Today’s question - I have an ongoing pain from the 2018 school tax referendum. Many problems with it, but here are three that I think the public should hear about.
1.The wording: "Shall the School Board of Palm Beach County have authority to levy 1.00 mills of ad valorem millage dedicated for operational needs of District public schools to fund school safety equipment, hire additional school police and mental health professionals, fund arts, music, physical education, career and choice program teachers, and improve teacher pay beginning July 1, 2019 and automatically ending June 30, 2023, with oversight by an independent finance committee of citizens and experts?"
This seems to imply to me that the thrust of this tax is for school safety since safety equipment and police officers are listed first. The last thing listed is "improve teacher pay" when in point of fact the teacher pay is by far the largest part of this cash grab. Most of the barrage of marketing I heard for this focused on safety for schools. I don't begrudge teachers a competitive wage, but I feel the taxpayers were scammed and taken advantage of in the wake of the MSD massacre.
2.The "automatically ending" in 4 years thing. A complete an utter lie! Since the vast majority of money is going to increased salaries and more staff, an ending of this tax would mean salary cuts and large layoffs. This is never going to happen. This tax is effectively permanent as it will have to be renewed and probably increased again.
3. They cut the charter schools out. How is this fair, and how will the charter schools attract and retain good teachers when this new tax puts them at a distinct pay disadvantage. This is the government, school board and unions systematically attacking the charters financially.

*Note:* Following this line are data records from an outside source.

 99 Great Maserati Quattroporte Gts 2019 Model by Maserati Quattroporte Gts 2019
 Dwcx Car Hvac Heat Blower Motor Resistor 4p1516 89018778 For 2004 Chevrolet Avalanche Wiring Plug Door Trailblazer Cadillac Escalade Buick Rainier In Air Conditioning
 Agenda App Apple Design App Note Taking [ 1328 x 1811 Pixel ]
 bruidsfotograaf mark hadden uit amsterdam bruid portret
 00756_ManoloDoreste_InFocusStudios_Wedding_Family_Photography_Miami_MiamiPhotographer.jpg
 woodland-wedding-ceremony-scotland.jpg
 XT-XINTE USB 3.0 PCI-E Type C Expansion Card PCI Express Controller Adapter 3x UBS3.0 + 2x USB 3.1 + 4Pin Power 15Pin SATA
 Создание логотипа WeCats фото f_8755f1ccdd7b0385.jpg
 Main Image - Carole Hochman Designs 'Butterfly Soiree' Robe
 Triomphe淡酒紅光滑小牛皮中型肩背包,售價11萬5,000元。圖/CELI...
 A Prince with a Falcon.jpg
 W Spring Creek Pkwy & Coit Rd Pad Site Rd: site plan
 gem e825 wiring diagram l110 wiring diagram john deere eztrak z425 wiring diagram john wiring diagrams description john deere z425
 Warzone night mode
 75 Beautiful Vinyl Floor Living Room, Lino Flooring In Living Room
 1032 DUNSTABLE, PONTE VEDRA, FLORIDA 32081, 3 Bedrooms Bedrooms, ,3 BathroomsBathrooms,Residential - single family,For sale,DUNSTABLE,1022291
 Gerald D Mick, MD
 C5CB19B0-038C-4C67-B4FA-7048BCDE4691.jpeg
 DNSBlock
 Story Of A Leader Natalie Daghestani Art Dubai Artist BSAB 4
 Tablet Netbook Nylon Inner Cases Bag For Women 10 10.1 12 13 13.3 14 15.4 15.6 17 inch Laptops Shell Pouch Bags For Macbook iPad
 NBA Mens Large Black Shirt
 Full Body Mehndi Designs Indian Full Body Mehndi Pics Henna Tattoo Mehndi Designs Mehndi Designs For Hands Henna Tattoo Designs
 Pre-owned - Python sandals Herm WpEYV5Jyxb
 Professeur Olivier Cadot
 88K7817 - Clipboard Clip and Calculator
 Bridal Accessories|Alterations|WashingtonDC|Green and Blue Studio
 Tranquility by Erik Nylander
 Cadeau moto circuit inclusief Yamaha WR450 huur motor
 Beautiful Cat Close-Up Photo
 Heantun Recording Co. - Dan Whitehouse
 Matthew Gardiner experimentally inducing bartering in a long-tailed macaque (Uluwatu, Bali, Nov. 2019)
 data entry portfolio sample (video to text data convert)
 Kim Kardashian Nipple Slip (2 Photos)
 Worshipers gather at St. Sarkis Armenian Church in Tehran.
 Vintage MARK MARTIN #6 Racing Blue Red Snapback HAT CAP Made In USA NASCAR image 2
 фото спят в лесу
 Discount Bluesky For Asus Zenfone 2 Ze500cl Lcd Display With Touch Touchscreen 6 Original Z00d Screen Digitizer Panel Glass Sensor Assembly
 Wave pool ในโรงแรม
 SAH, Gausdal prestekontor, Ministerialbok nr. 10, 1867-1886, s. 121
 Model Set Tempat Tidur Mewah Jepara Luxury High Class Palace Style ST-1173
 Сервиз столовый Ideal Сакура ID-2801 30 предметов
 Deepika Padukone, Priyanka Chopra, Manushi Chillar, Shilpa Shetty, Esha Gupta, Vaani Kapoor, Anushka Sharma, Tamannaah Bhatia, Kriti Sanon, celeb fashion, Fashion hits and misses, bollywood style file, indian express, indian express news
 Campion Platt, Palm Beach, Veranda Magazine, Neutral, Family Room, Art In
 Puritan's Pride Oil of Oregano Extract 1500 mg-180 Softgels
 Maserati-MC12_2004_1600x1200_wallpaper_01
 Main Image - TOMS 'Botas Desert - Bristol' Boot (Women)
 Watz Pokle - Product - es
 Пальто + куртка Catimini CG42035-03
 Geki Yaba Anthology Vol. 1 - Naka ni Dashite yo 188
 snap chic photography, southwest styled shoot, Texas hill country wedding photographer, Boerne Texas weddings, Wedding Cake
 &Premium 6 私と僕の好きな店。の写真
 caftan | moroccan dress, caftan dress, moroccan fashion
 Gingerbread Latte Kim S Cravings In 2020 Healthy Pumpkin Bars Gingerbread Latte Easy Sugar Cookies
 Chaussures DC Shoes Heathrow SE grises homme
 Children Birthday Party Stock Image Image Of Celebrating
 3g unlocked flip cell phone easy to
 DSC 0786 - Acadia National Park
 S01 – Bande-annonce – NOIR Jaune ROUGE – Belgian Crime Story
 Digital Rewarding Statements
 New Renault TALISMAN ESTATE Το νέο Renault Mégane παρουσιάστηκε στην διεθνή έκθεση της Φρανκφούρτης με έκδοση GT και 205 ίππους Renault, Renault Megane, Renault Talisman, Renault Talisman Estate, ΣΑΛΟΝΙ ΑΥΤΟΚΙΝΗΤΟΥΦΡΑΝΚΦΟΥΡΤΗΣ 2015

Bottom Line: Sadly, you have reason to be skeptical. In my view, this initiative is as offensive as it is disingenuous. Just two years ago the 16.7% sales tax increase was sought by the Palm Beach County School District and passed. The reasons provided then were much the same. Despite a huge jump in revenue as 50% of that sales tax increase goes directly to the Palm Beach County School District, they’re back for more. Additionally, Palm Beach County already has more revenue and more spend per student than Broward or Miami-Dade which sought smaller increases than Palm Beach County. What’s more, is that they went out of their way to ensure Charter Schools would be cut out as animus over non-traditional public education is once again evidenced. My last thought, remember the municipal elections that are just around the corner in March for many South Floridians.